Just as in the case of social robots that exploit our need to connect as social beings, ethical guardrails are practically nonexistent for AI in general. So far AI and robotics companies have been on the honor system, which is a lot like no oversight at all.
If there’s an overarching ideology to guide this sector, its current buzzword is “effective accelerationism.” Enormous benefits are bestowed on humanity, the thinking goes, just by accelerating the speed at which new AI products can be developed and launched into the world. This is a no-brainer for people who believe in the heroic narrative of AI solving some of mankind’s most intractable problems—but a source of alarm for doomsayers who predict the end of humanity.

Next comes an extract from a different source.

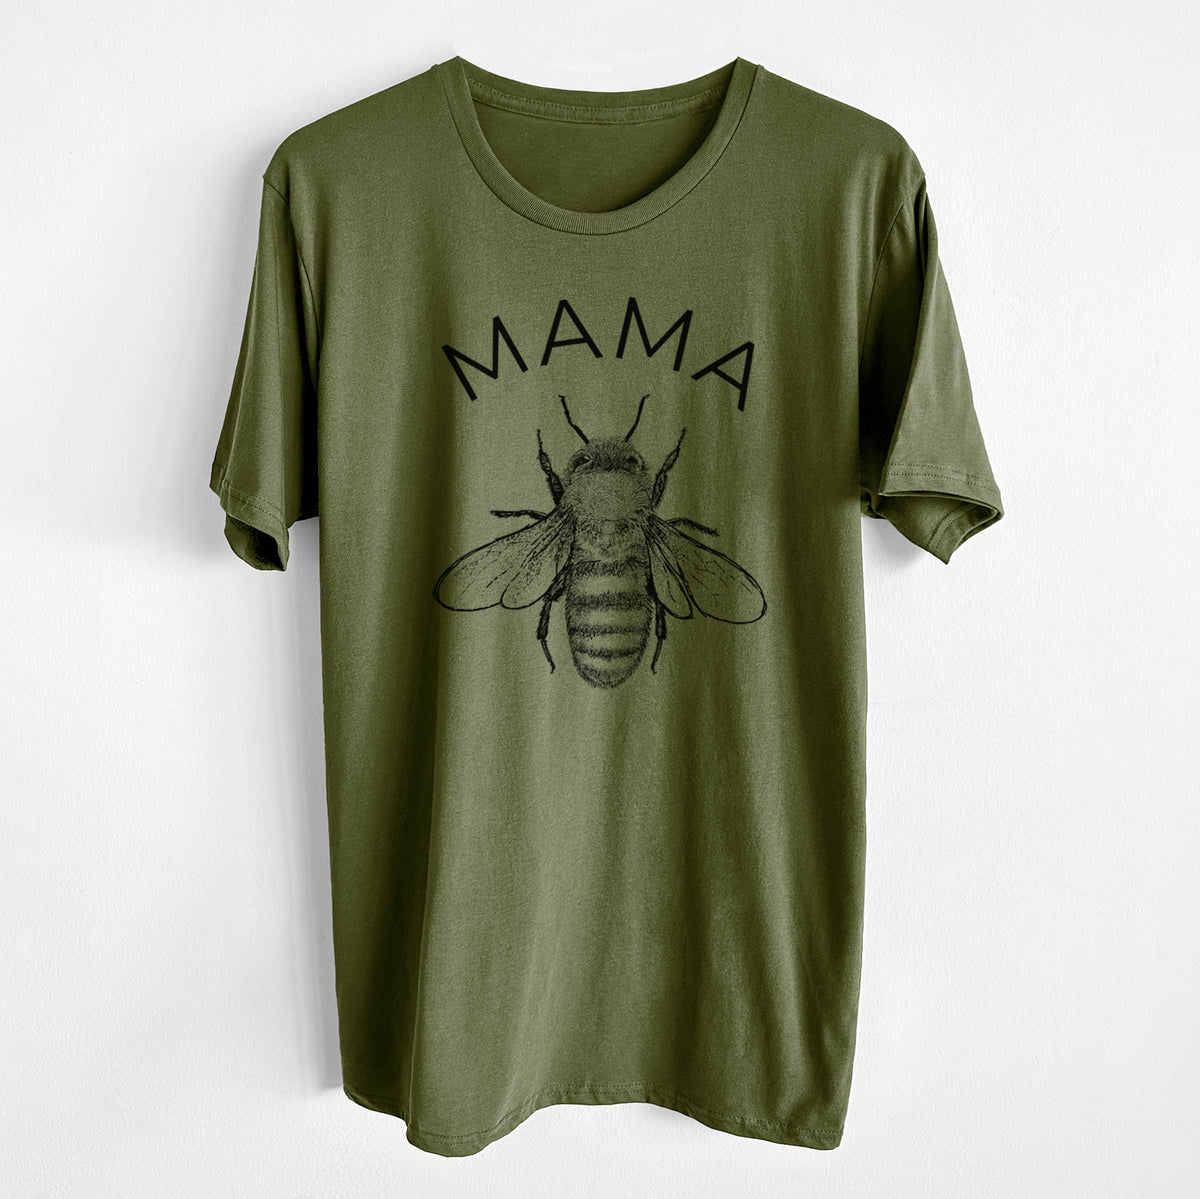 Mama Bee - Unisex Crewneck - Made in USA - 100% Organic Cotton

As a techno-optimist, I believe that eventually these technologies will provide enormous benefits for all of society, but we all need to take a deep breath, and maybe tap the brakes for a moment while laws and regulations catch up to the science. Algorithms and AI will continue to insinuate themselves into nearly every crack and crevice of our lives. The more autonomous AI becomes, the harder it will be to control or address problems. No one wants their child’s robotic tutor going psycho from material it has absorbed from the dark web. When AI goes awry, there has to be accountability and change.
While everyone’s hackles are constantly being raised by the conspiracy-theory-industrial-information complex, we may be looking in the wrong direction to explain our widespread sense of pernicious control over our lives. Being ruled by faulty algorithms is far more insidious, and could be even more dangerous, as rule by dictatorship.